Identification of structural variants in human genome using long-read Next Generation Sequencing with the Oxford Nanopore technology

Project period: 2018 - 2019
Project leader: Michał Piętal

DNA sequence analysis is a foundation of contemporary biological sciences but not only. DNA sequencing technologies are the tools that contribute to the development of molecular research, also they broaden the scope of knowledge about human biology. Some time ago, the core sequencing technique was Sanger’s method. Today, the next generation sequencing (NGS) techniques gain more significance. They allow for the development and extension of molecular methods, due to the elimination of shortcomings of conventional sequencing techniques (that is mainly: cost and time). The main advantages of NGS techniques as compared for conventional methods is simultaneous detection of large number of genetic markers of high-resolution genetic data. It becomes possible to obtain genetic data about the microorganisms, insects, plants or soil (so called: eDNA).

As an example, 1000 Genomes Consortium (1KGP), established in 2008, is an international research effort which aims at the creation of most comprehensive repository of genetic variability of the human genome. The researchers involved, initially planned to sequence a thousand of individual genomes throughout the world, within various ethnic groups. Firs paper documenting the project was released in Nature in 2010. The aim of the last project phase was to learn about the genetic variability, across 26 selected populations, in order to create the catalogue of human genome variability on a global scale. According to the paper from 1000 Genomes, 3rd Phase (Nature, 2015), structural variants pose a natural factor contributing to human genome variability, by altering nearly 20 000 000 bases in the sequence. Human genome consists of c.a. 2100 - 2500 structural variants, such as: deletions, duplications, insertions, inversions, with the most frequent, large deletions. The research established the connection between structural variants and the occurrence of many illness-related phenotypes, which include: obesity, cancer, autism or schizophrenia. Despite of the enormous progress in the area of sequencing techniques, detection of structural variants is still challenging, because of complex nature of variants, significant number of long variants, or the tendency of variant occurrence in repetitive genomic loci. The technologies like Nanopore MinION, which allows for the longer length of reads, are more favorable that short reads techniques. Long DNA fragments can cover all repetitive regions, which might lead to resolving the gaps in the sequence being analyzed. Moreover, they allow for identification of very large structural variants contained within the one single read. Furthermore, large number of structural variants, which occurrence is correlated with single nucleotide polymorphisms (SNP) as reported in association studies (GWAS), only underlines the significance of sensitivity improvement of the variant detection or genotyping in clinical cases. The prediction of genetic variability may also have importance for autoimmune diseases which etiology is complex and not entirely known, to date. In such cases, the development of the structural variants detection and analysis method, would definitely contribute into the development of personalized medicine.

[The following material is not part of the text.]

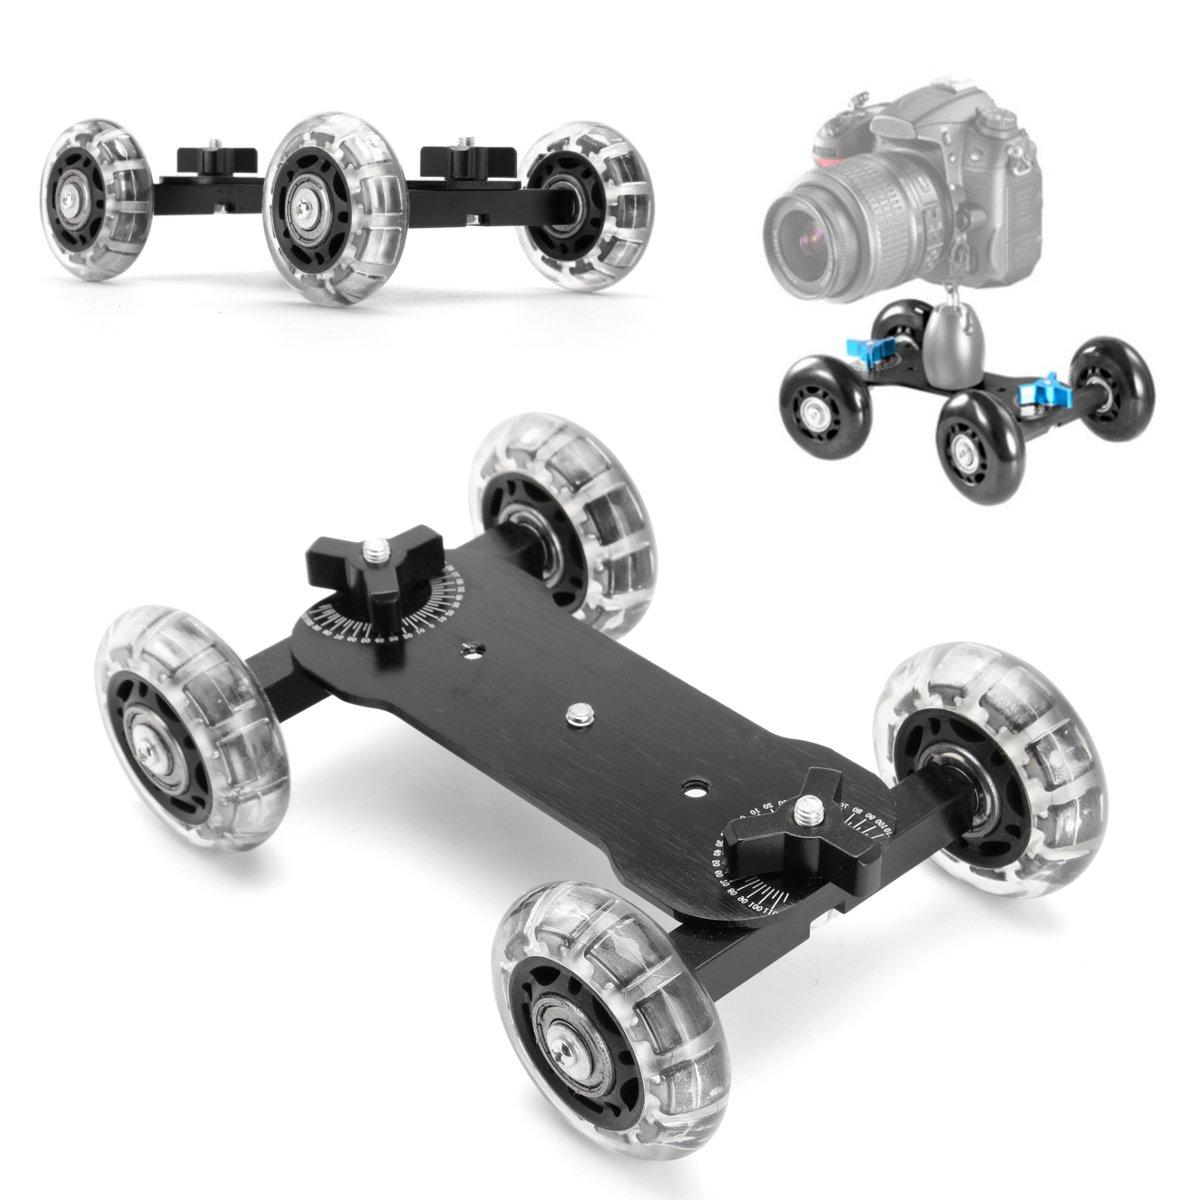 DSLR Desktop Camera Video Wheels Rail Rolling Track Slider Dolly Car Skate Glide Camera Rolling Sliding Dolly Stabilizer Skater
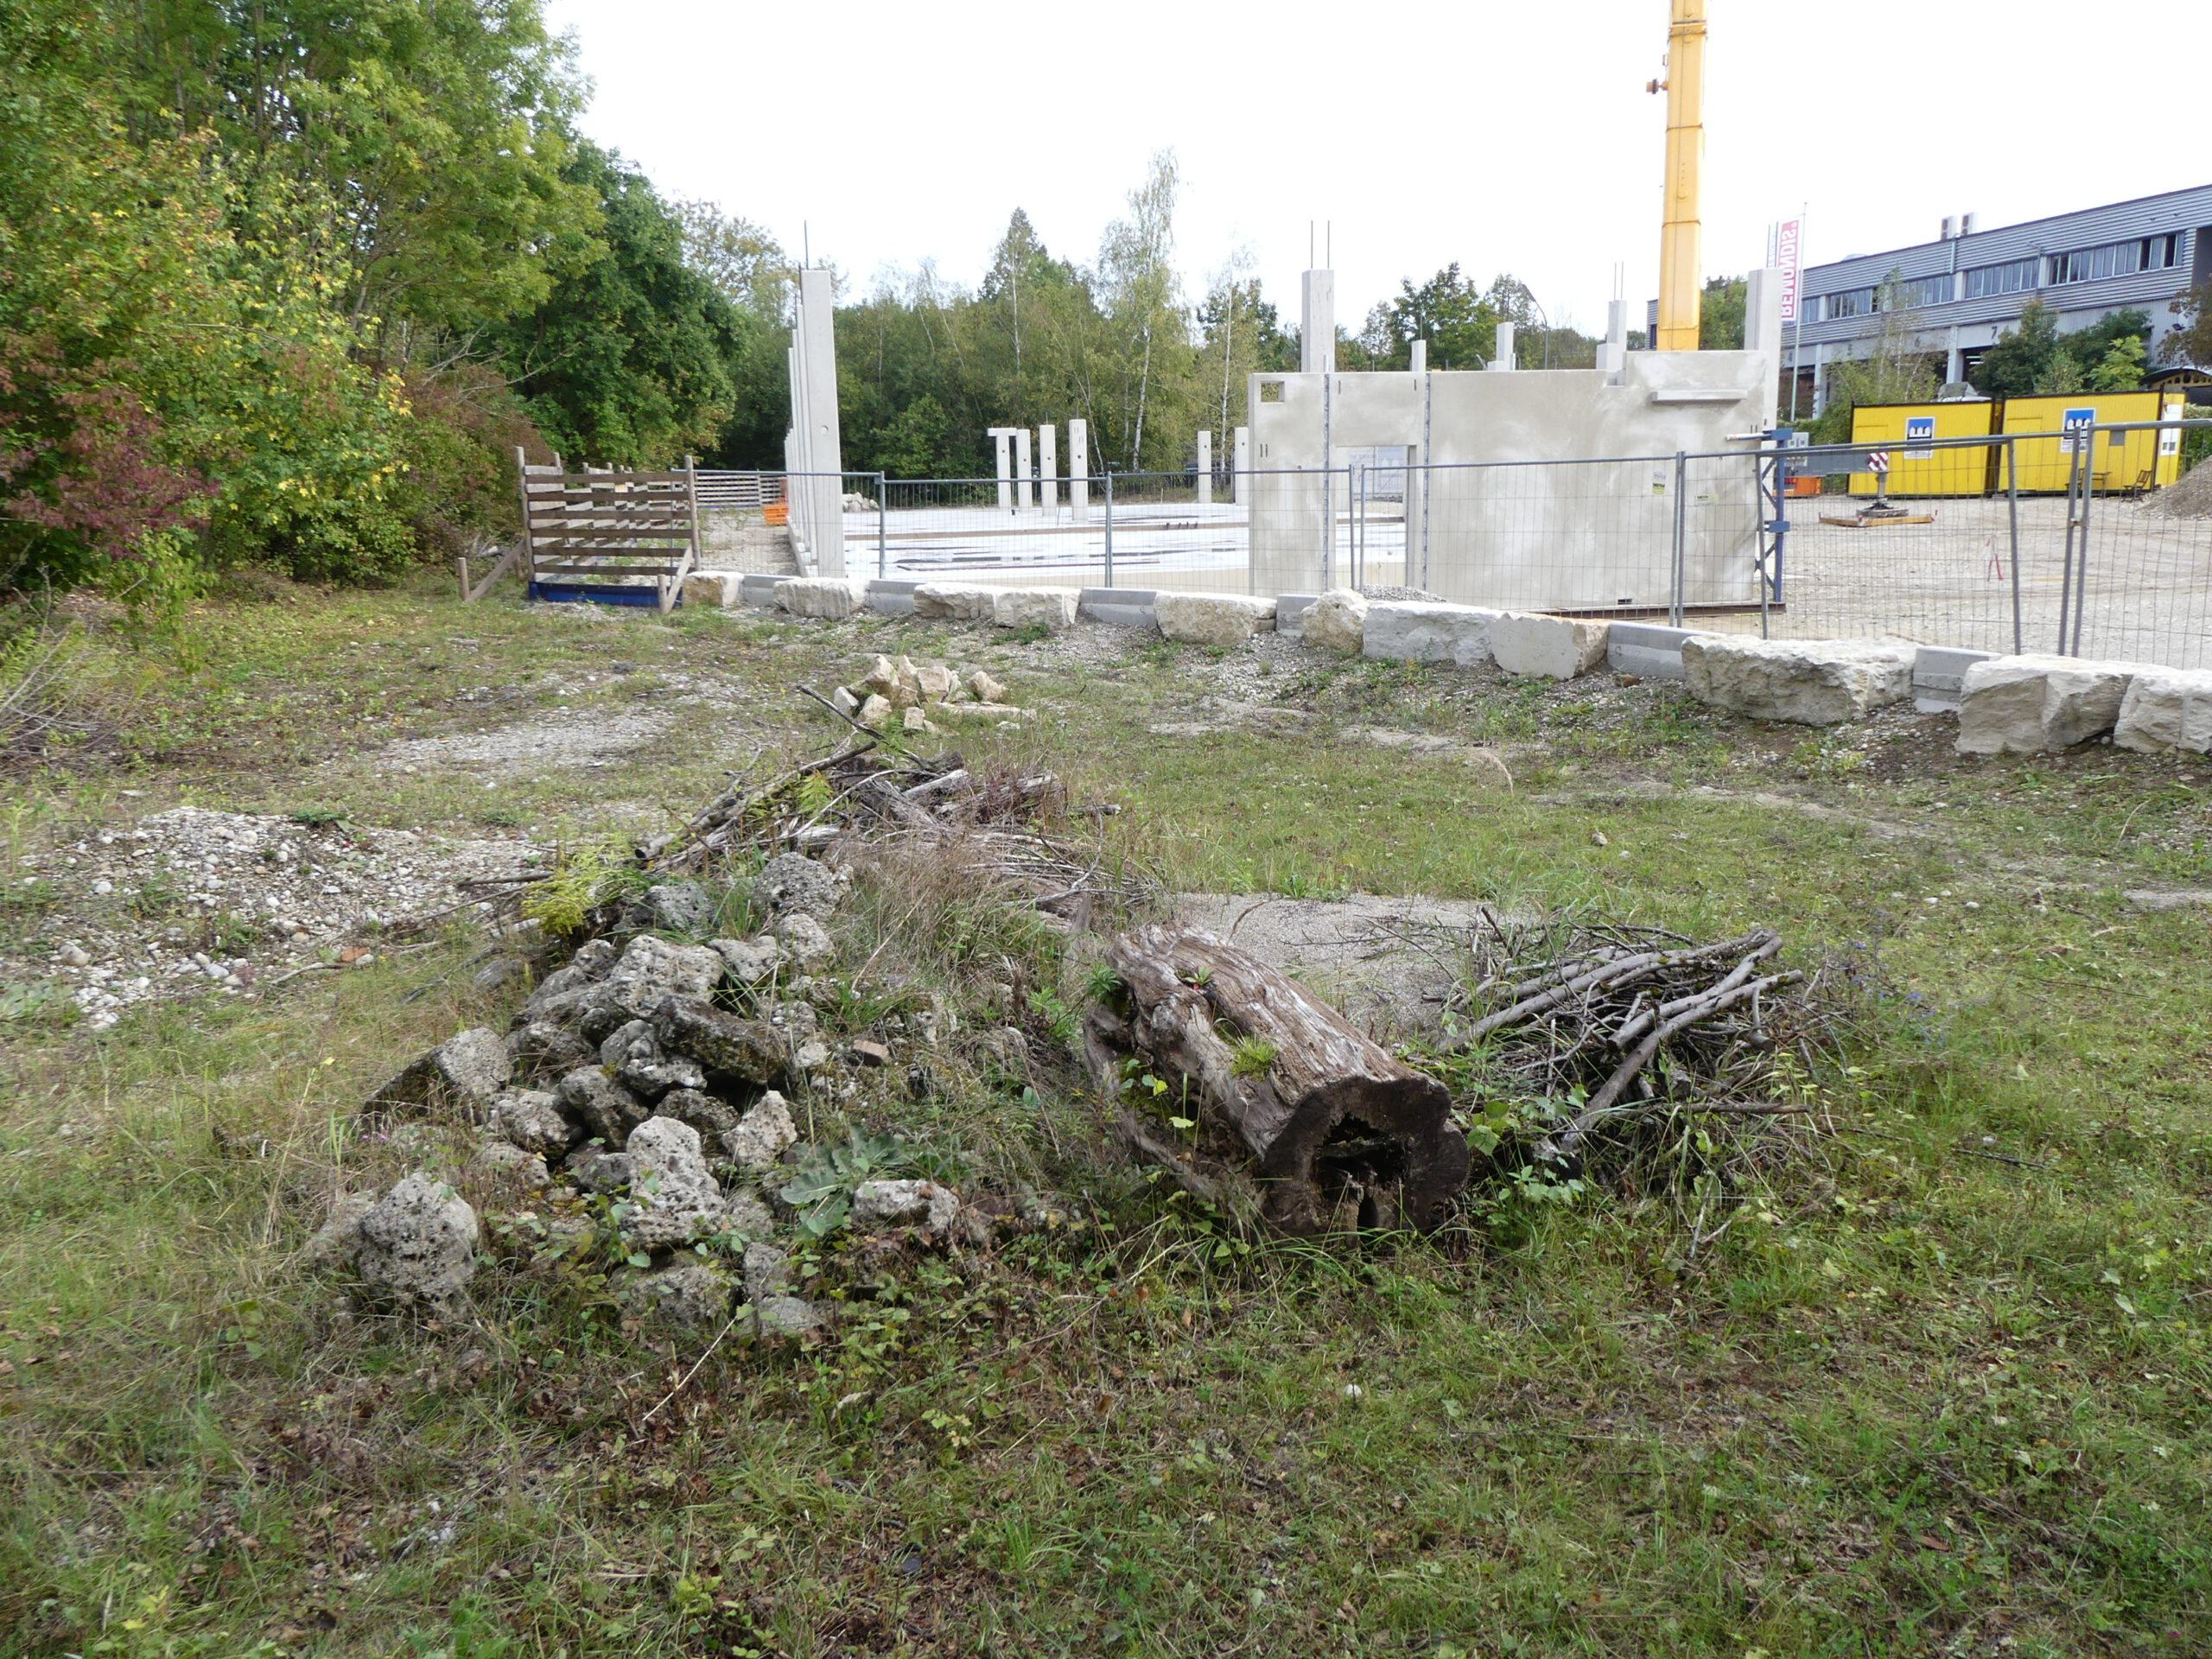 Zauneidechsen-Habitatstruktur vor Baustelle

MinION (Oxford Nanopore) is a new technique, which has been available since 2015 for the selected users. The revolution being born with this technology covers the following key features: (i) ease of use, (ii) mobility/portability, (iii) long reads (up to 20 kbps and below). This technology can be used for the following application areas: prompt viral identification, ebola or influenza virus monitoring, environmental monitoring, food safety monitoring, SV analysis of malignant cells, haplotyping, fetus DNA analysis, antibiotics resistance and many more.

The main aim of our research project is the increase of the competences of the applicant, in the area of understanding of experimental technologies, such as Oxford Nanopore long read sequencing. Another aim is the generation of experimental data (which isn’t accessible to date as public data), for the purpose of subsequent bioinformatics research and the submission of research grants. The research project which is assumed to be submitted as a proposal (up to 12 months), assumes the creation of bioinformatics tools and web services for the purpose of analysis of the human genome (and others), for the analysis of the correspondence between rare diseases and structural variants (SV) occurrence. The data being sequenced are to be originated from 1000 genomes families (parents and children). DNA had been isolated from peripheral blood (according to the protocols used in the 1000 Genomes project). With the methodology used in 1000 Genomes consortium and basing upon our own algorithms the main types of structural variants will be identified.